### [What you will do]
The listing, minus its pictures, is to be given again exactly.

### [Dataset extract]
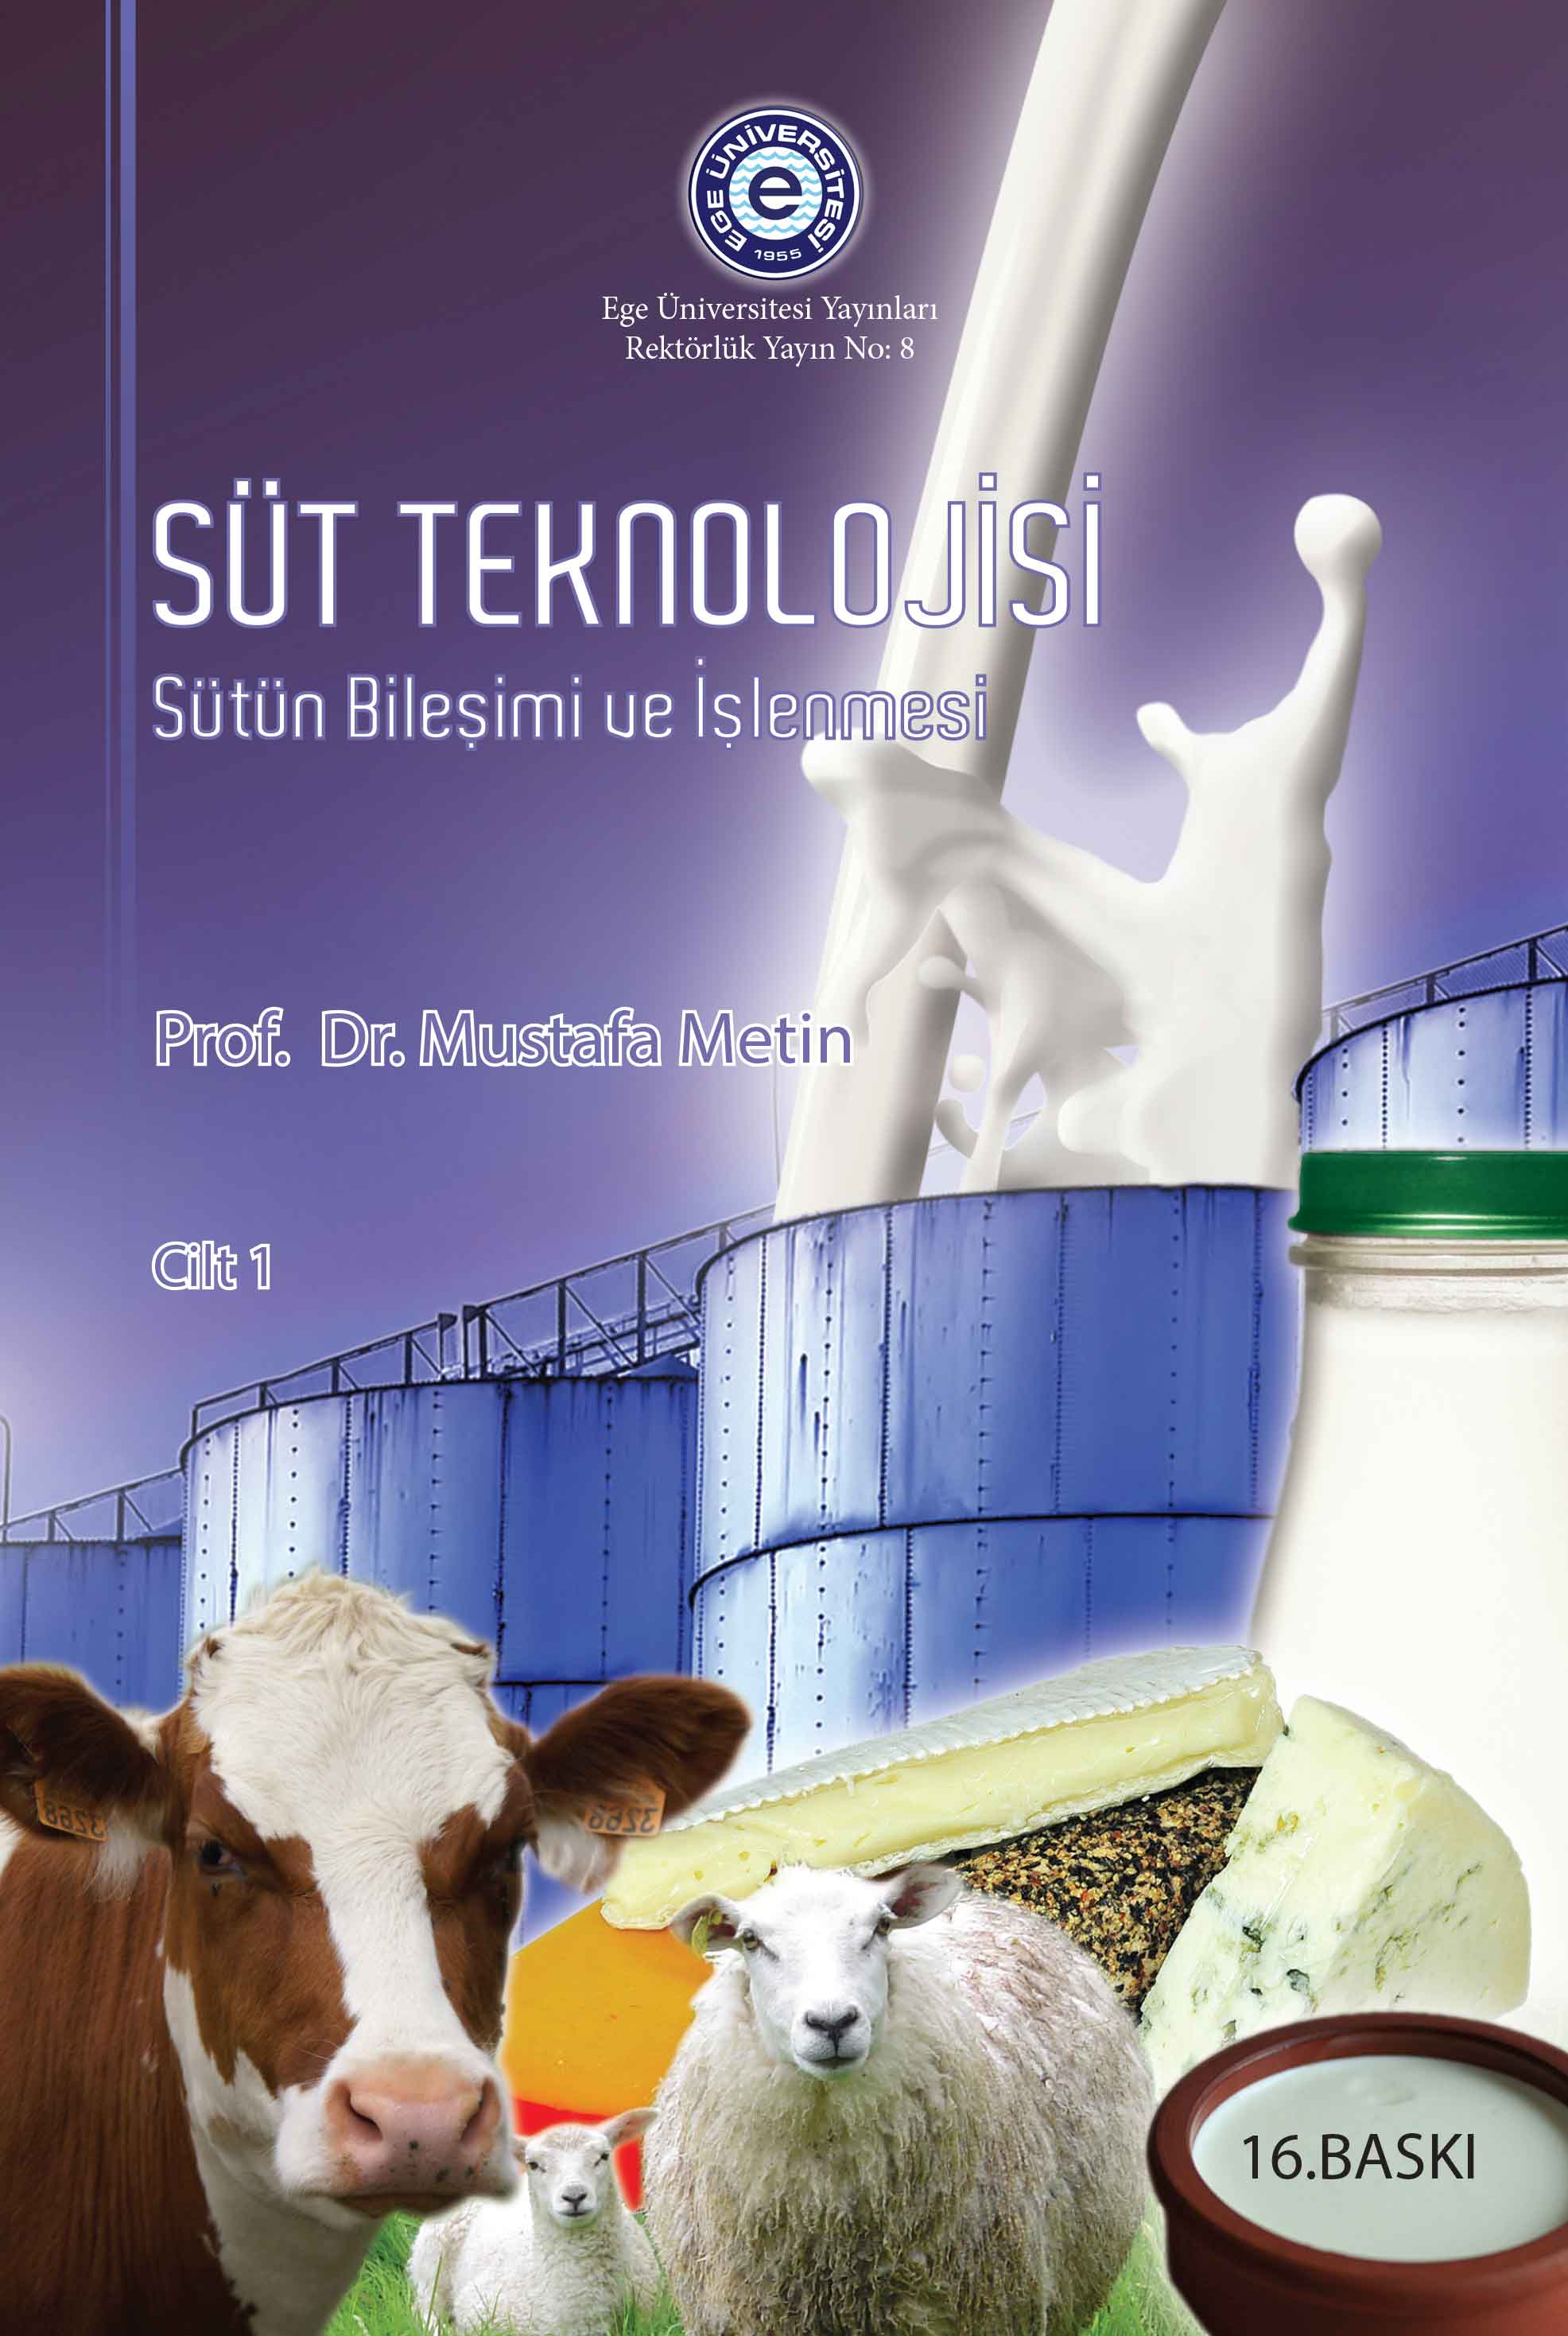 Süt Teknolojisi (Sütün Bileşimi ve İşlenmesi)
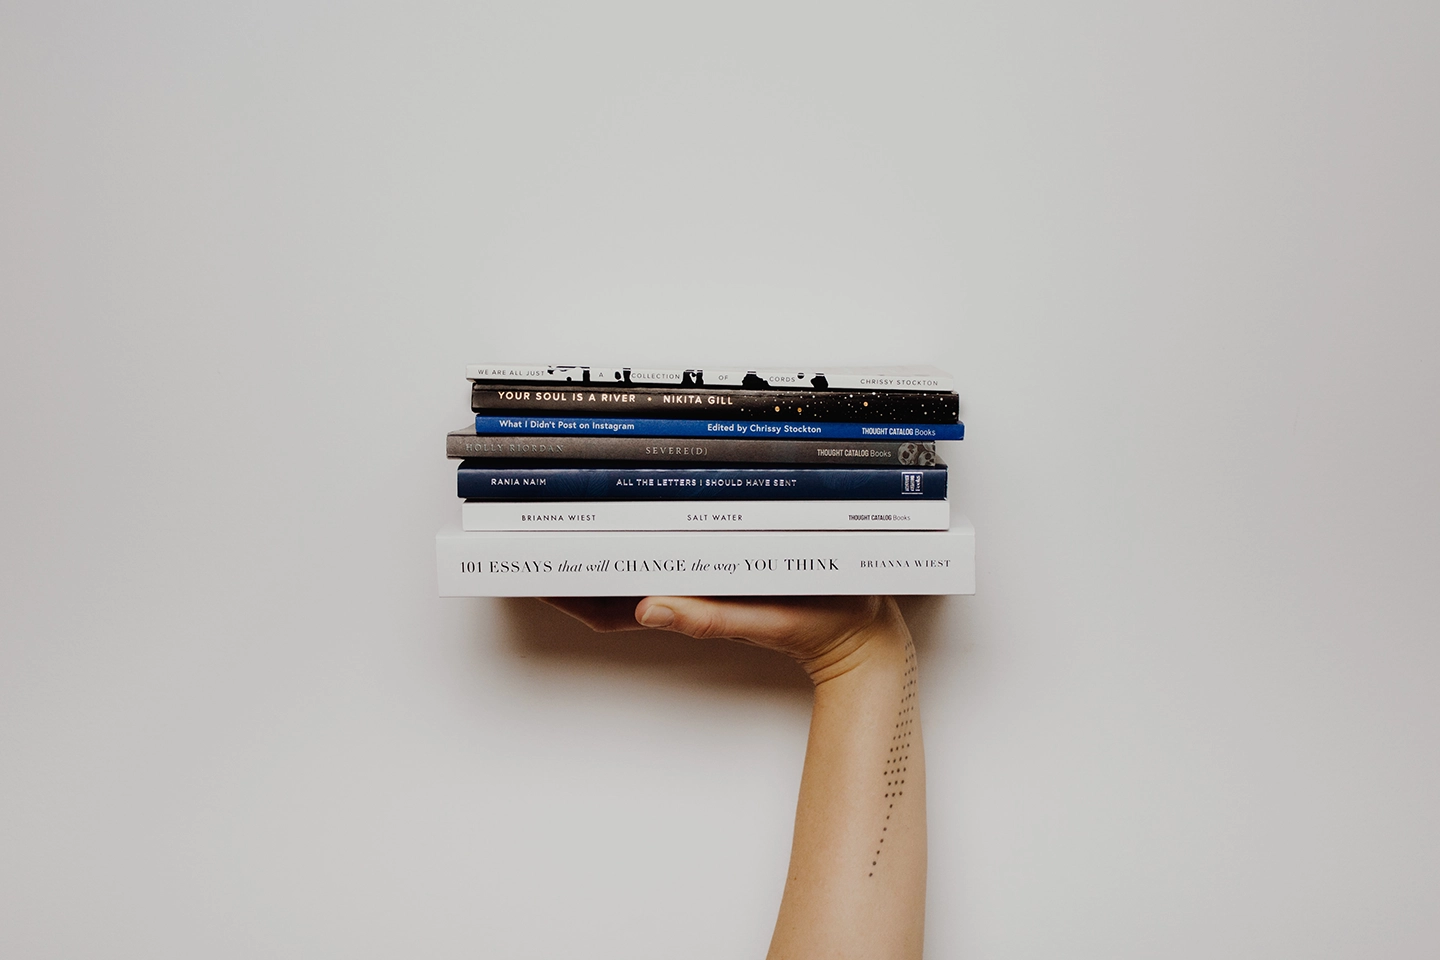 Eine Hand hält einen Stapel von fünf Büchern gegen einen hellen Hintergrund.
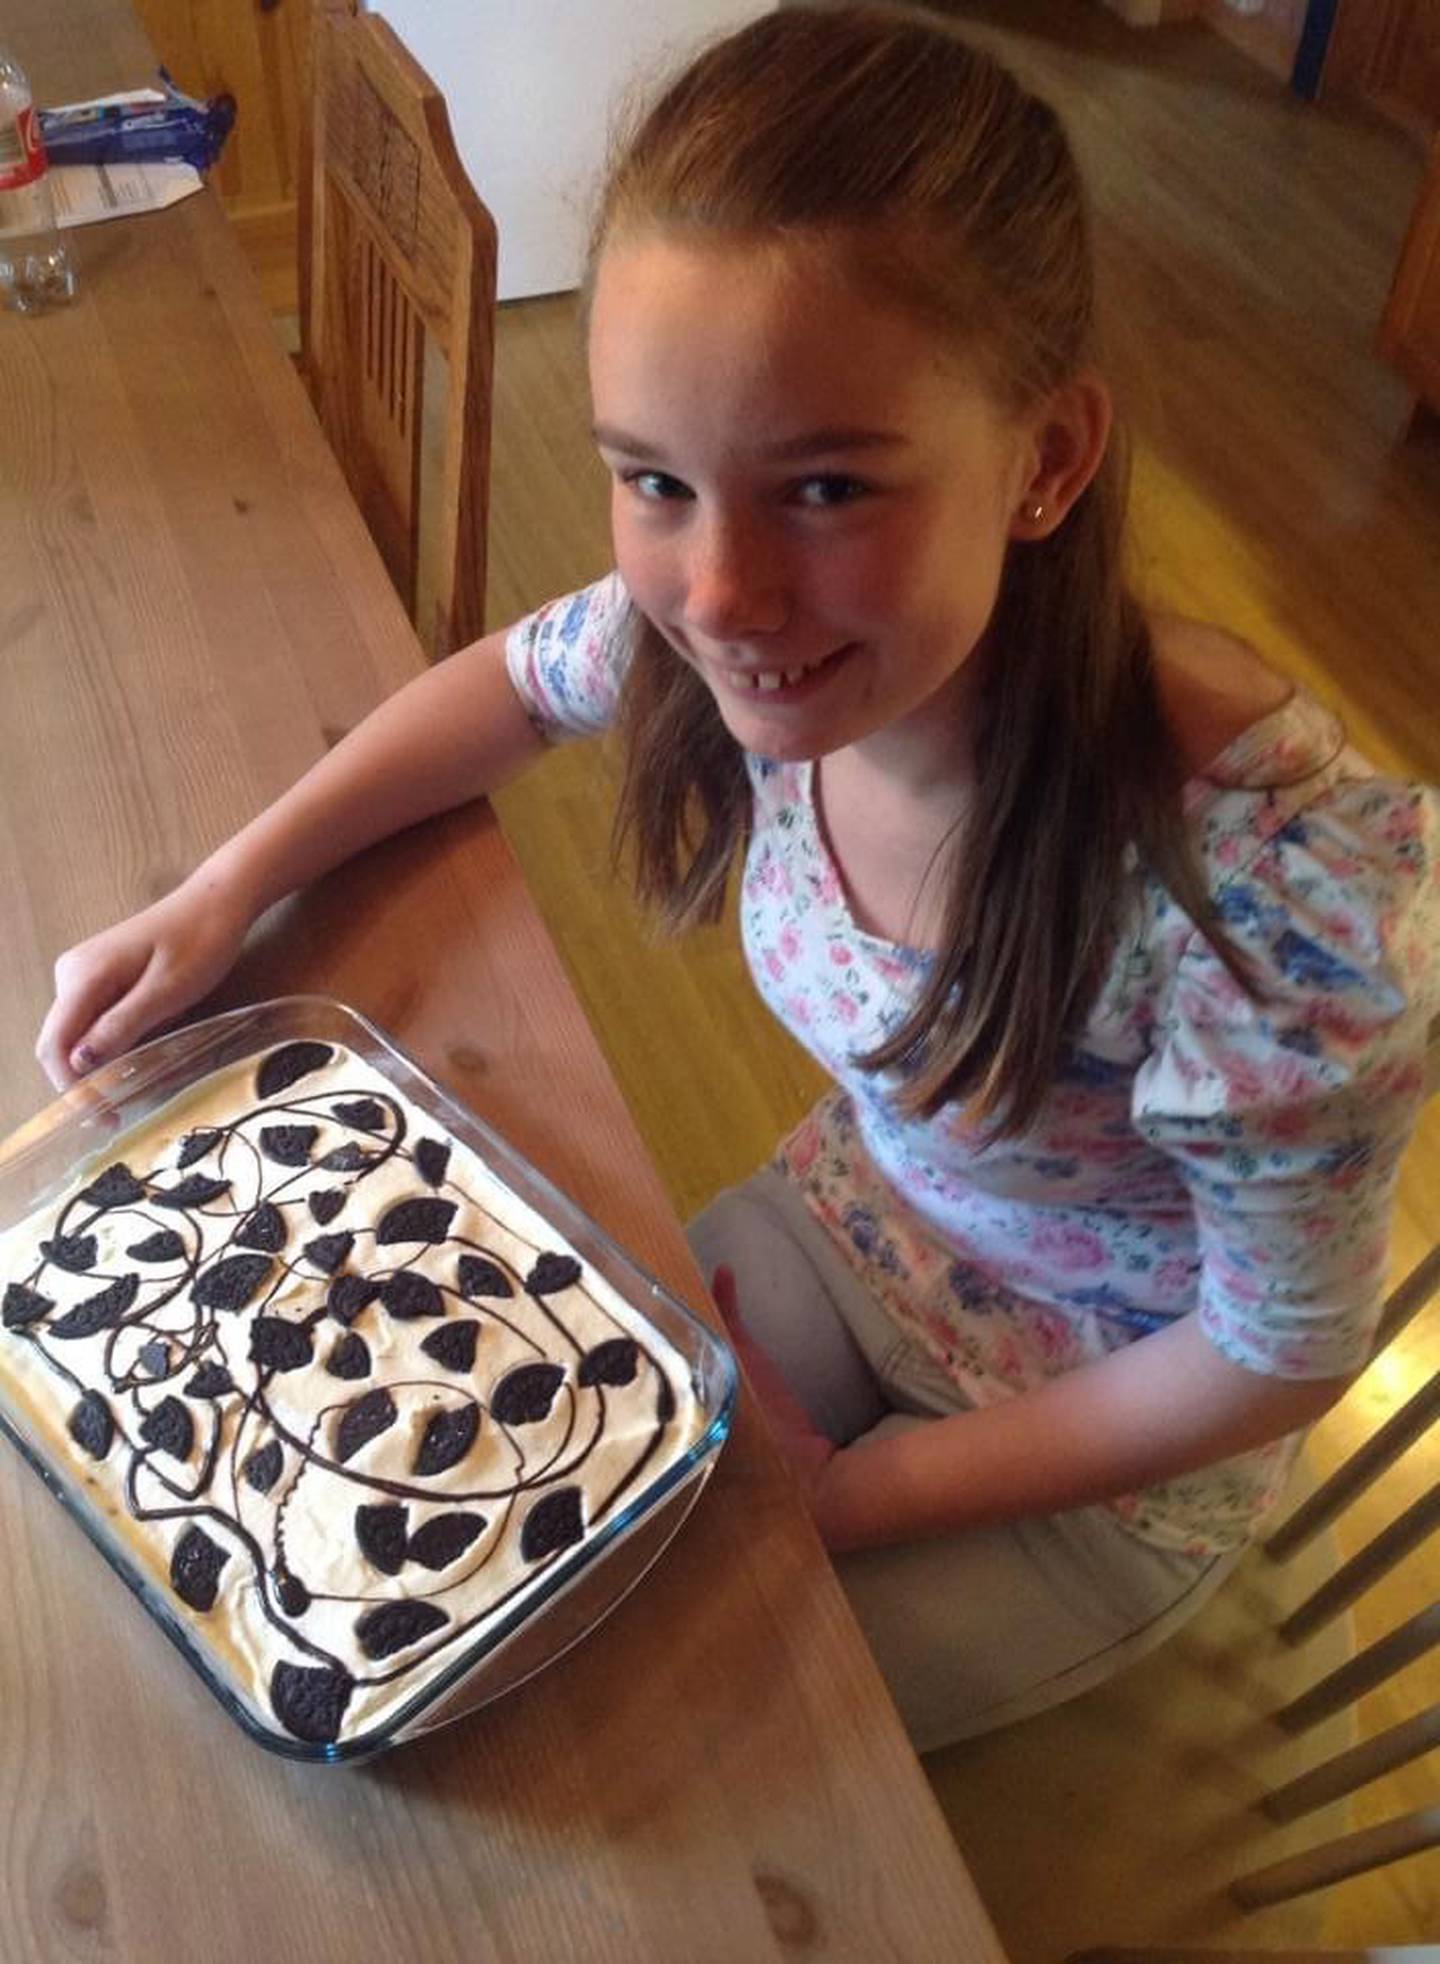 Hjemme på kjøkkenet i Skiptvet. Ann Helen er elleve år og har bakt kake til brorens konfirmasjon.

### [Result of the exercise]
 Süt Teknolojisi (Sütün Bileşimi ve İşlenmesi)
 Eine Hand hält einen Stapel von fünf Büchern gegen einen hellen Hintergrund.
 Hjemme på kjøkkenet i Skiptvet. Ann Helen er elleve år og har bakt kake til brorens konfirmasjon.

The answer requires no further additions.